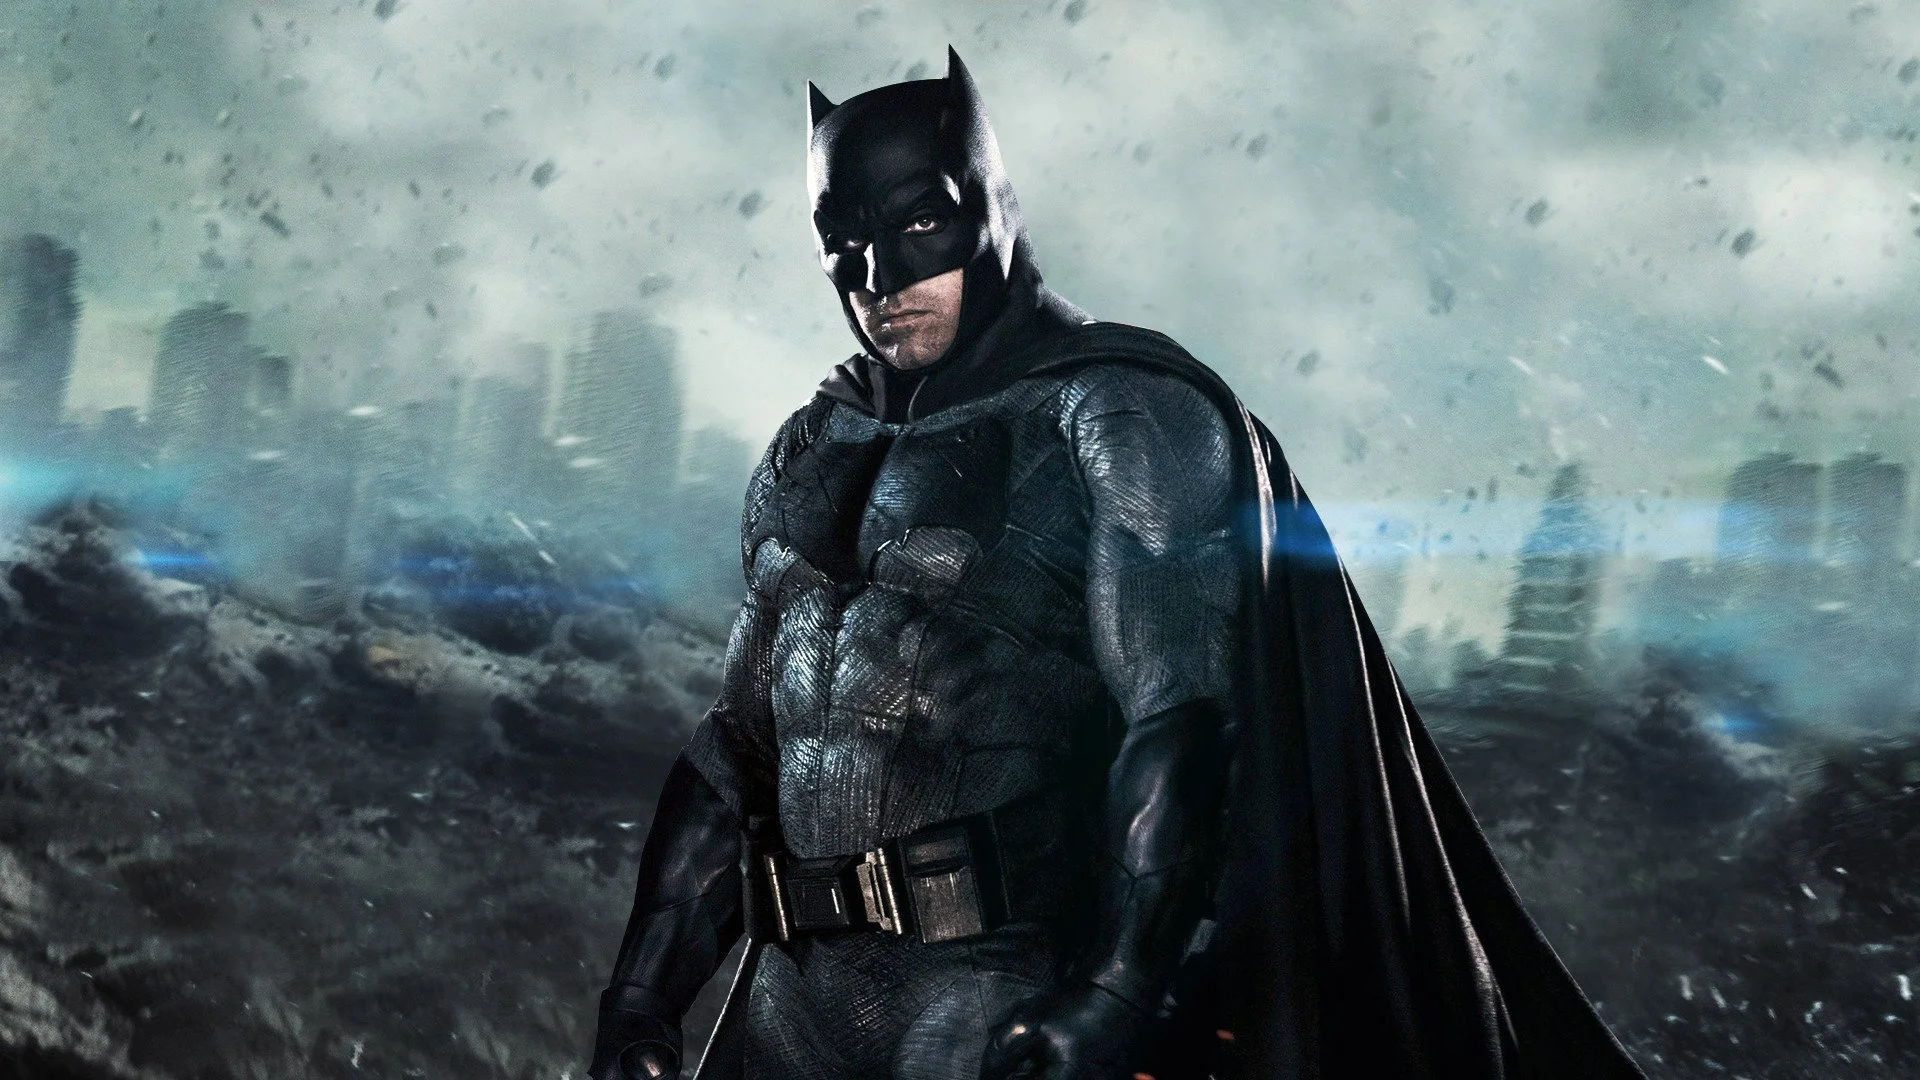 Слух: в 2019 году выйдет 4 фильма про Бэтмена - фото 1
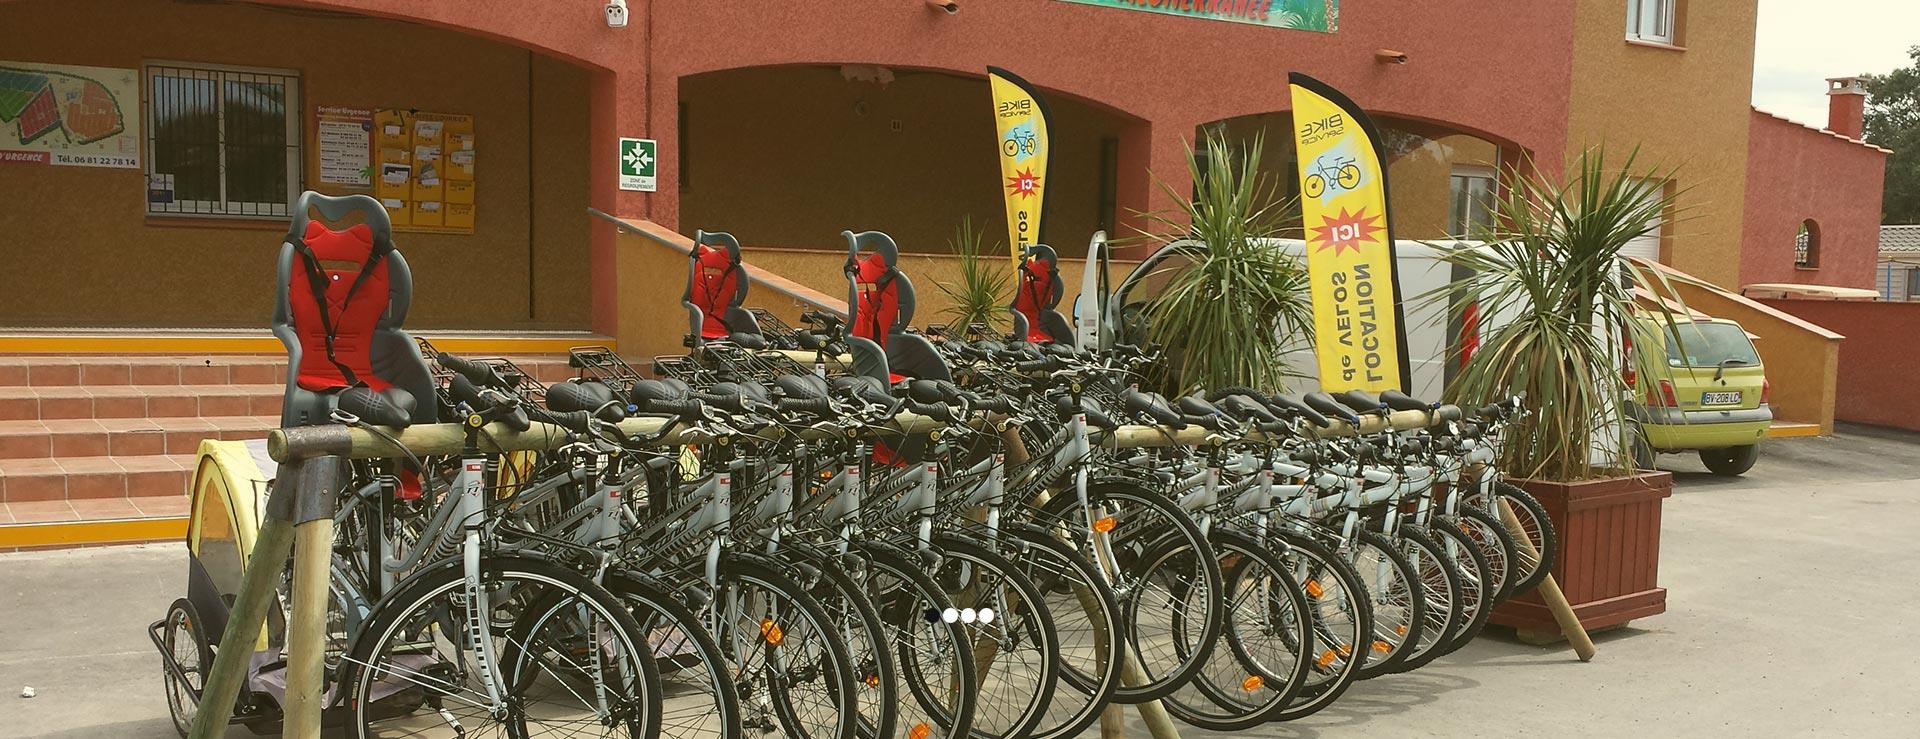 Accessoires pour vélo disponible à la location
• • • •
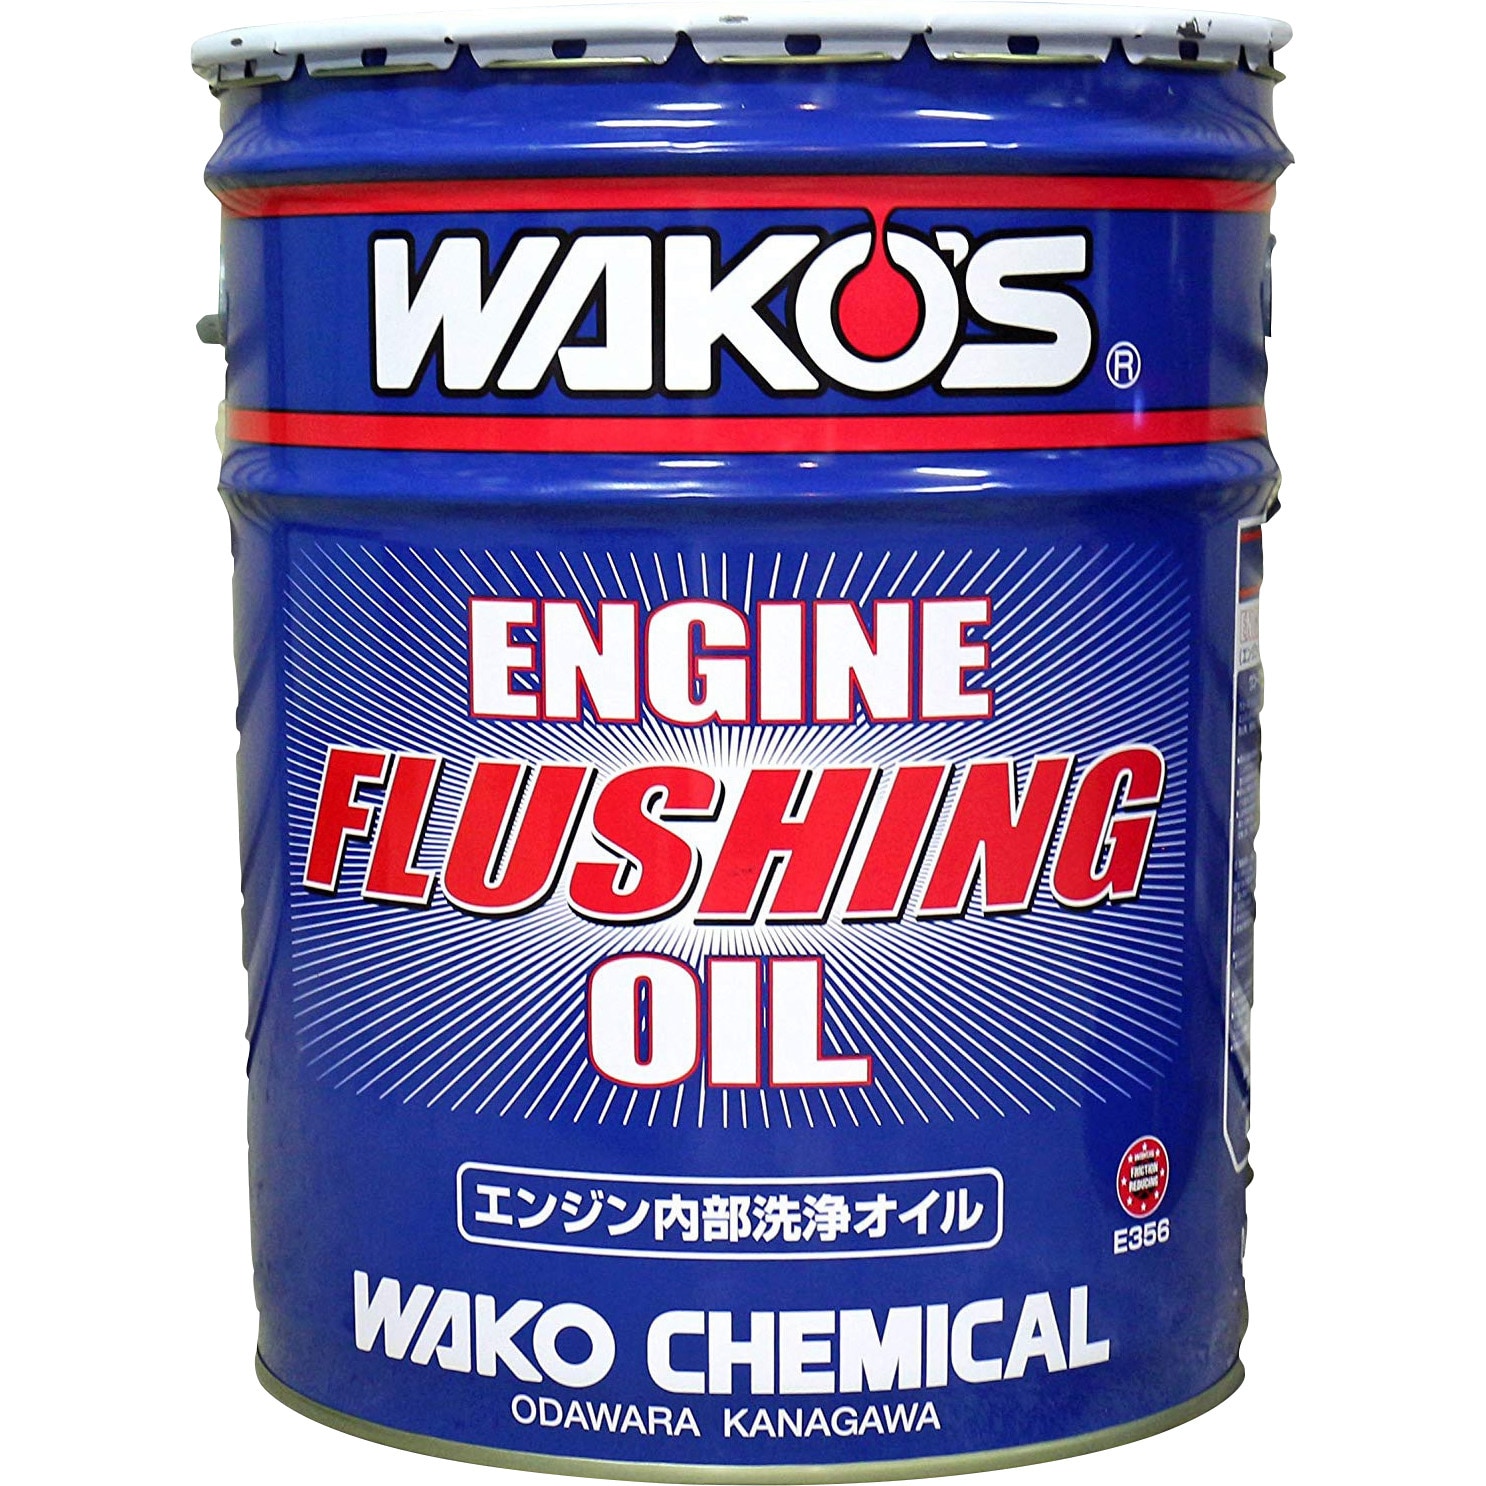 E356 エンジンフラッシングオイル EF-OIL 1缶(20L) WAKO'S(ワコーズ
• • • •
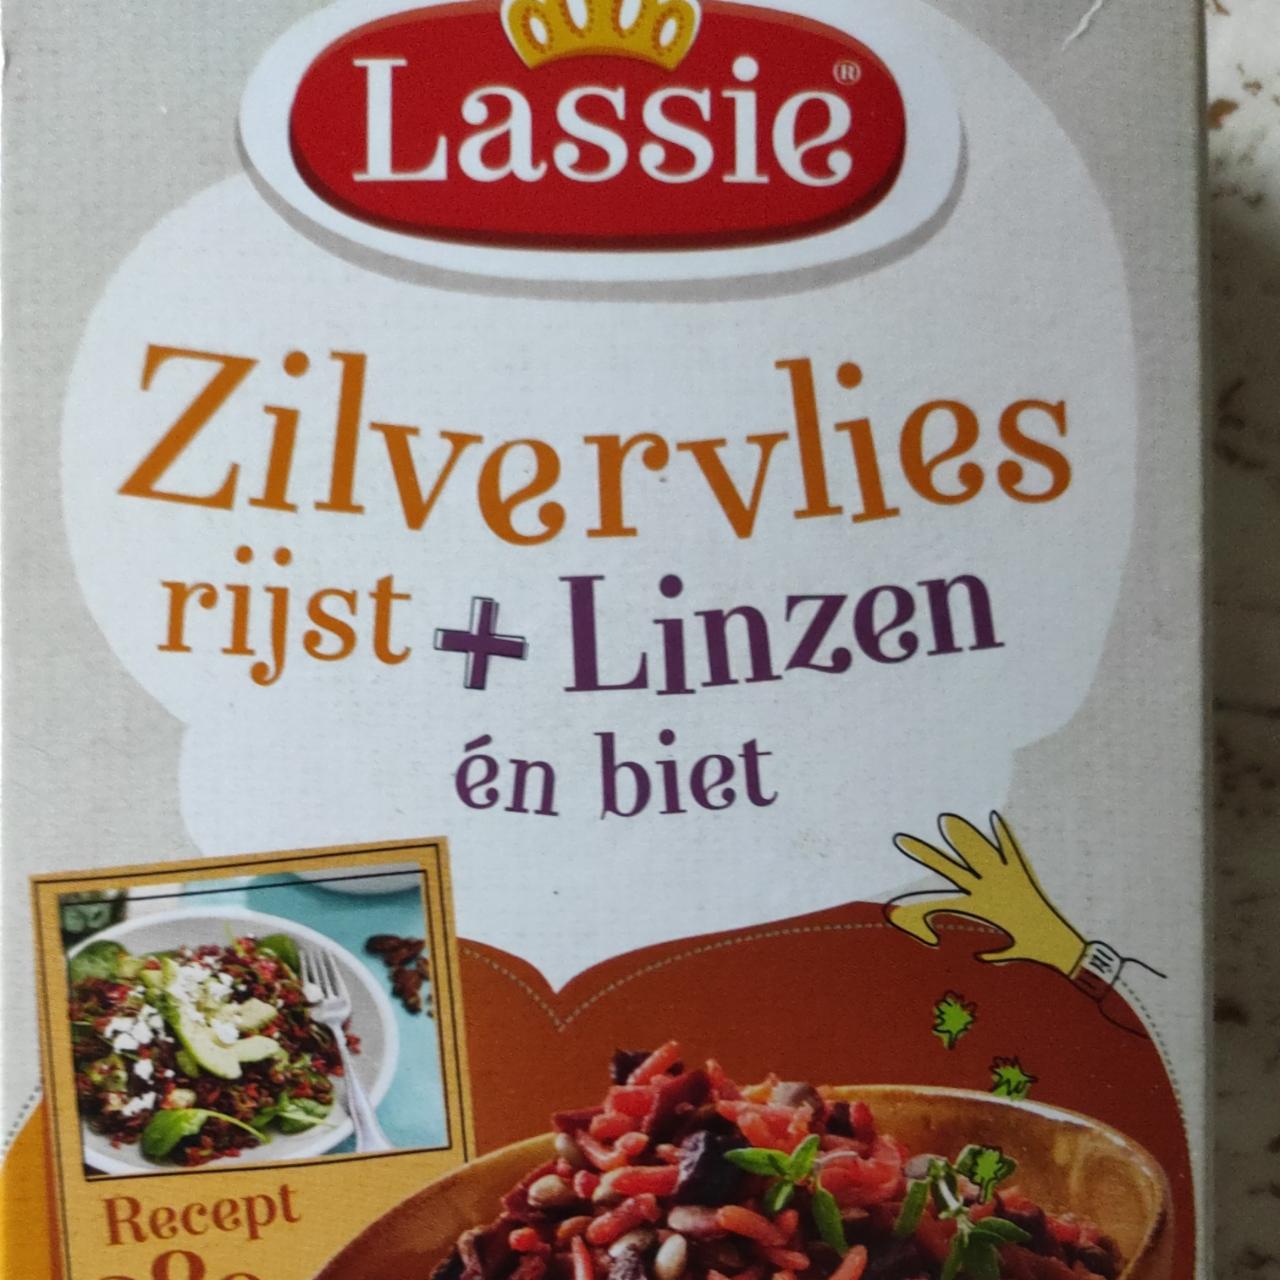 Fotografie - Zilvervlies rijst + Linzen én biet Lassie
• • • •
#### [WORK REQUIRED]
Begin at the line in the entries above that has "Слух: в 2019", stop after the line that has "Accessoires pour vélo", and output exactly those lines without pictures.

#### [RESPONSE TO THE TASK]
 Слух: в 2019 году выйдет 4 фильма про Бэтмена - фото 1
 Accessoires pour vélo disponible à la location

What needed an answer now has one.